# Harecastle tunnel - Kidsgrove, April 2013



## PaulPowers (Apr 16, 2013)

Another lunchtime explore, I was after the Black Panther drain but it's once again sealed so access to the will be with a boat for now 

The tunnel itself was dry for the most part but got quite wet towards the middle due to poor drainage



> The Main tunnel was built in the early 1800`s and has been disused since 1960 on account it was too small for modern rolling stock, the tunnel heads east for several hundred yards before turning right to head south towards Stoke on Trent. The tunnel itself is 2/3 mile long.
> 
> The Other two Harecastle tunnels are a couple of Canal tunnels on the Trent Mersey Canal the northern end starts in Kidsgrove alongside the Manchester to London railway line, the tunnels were built by James Brindley for Josiah Wedgewood.
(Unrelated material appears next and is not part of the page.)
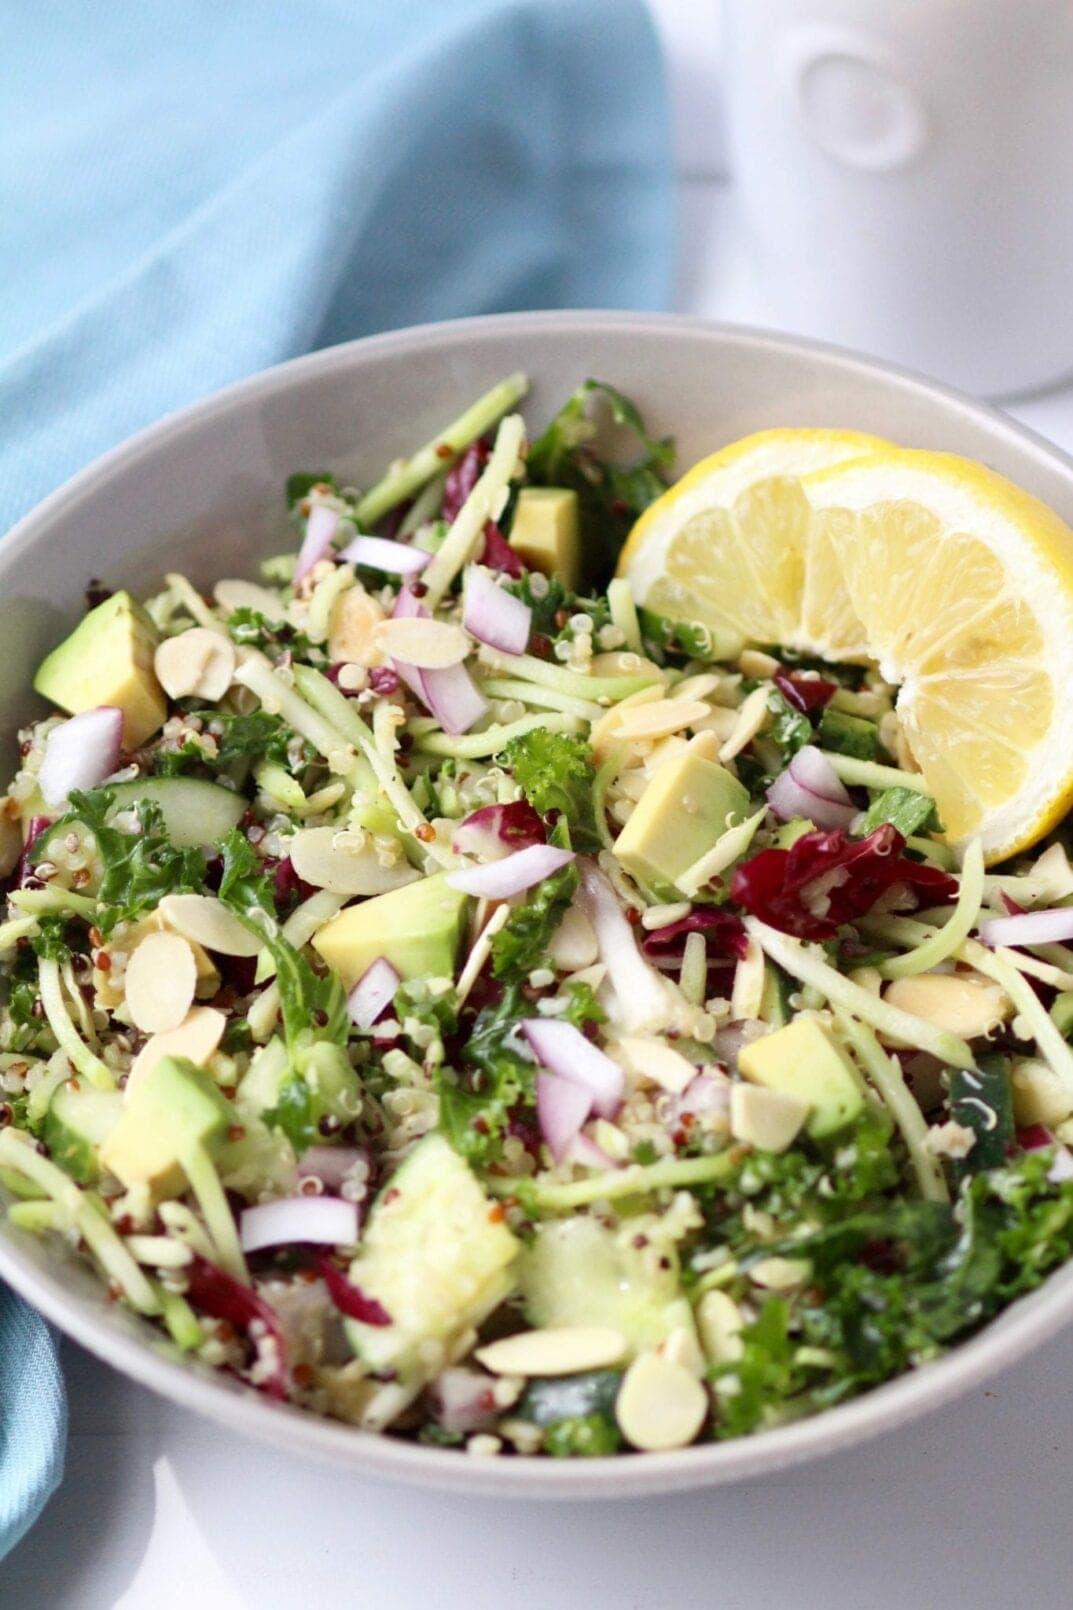 Quinoa Salad| 8 healthy bbq side dishes | www.nourishmovelove.com

The First tunnel was abandoned to after being opened due to mining subsidence and a replacement built which is still in use. In the middle of the tunnels were connected to small off shoot tunnels which went into a local mine where tubs were floated down to to the canal.
> 
> ...










First set of scaffold





Chair in a tunnel, with scaffold















The second lot of scaffold 










More Scaffold


----------



## UrbanX (Apr 16, 2013)

So what's the deal with the scaff then? Just maintainabce / repair? 
Ace photos as usual sir!


----------



## UEP-Wales (Apr 16, 2013)

Great stuff as per dude!


----------



## PaulPowers (Apr 16, 2013)

UrbanX said:


> So what's the deal with the scaff then? Just maintainabce / repair?
> Ace photos as usual sir!



The inner lining of the tunnel is crumbling and the scaff is a crash zone


----------



## RichardH (Apr 17, 2013)

I've been through the canal tunnel twice in either direction (on a narrowboat). It is fascinating to see how the different sections of the tunnel join together - and exciting for the person steering the boat, who has to contend with sudden changes in the tunnel profile, unexpected jets of water, unidentified gooey stuff and killer mutant spiders of doom (I don't know what they eat down there when they can't get boaters).


----------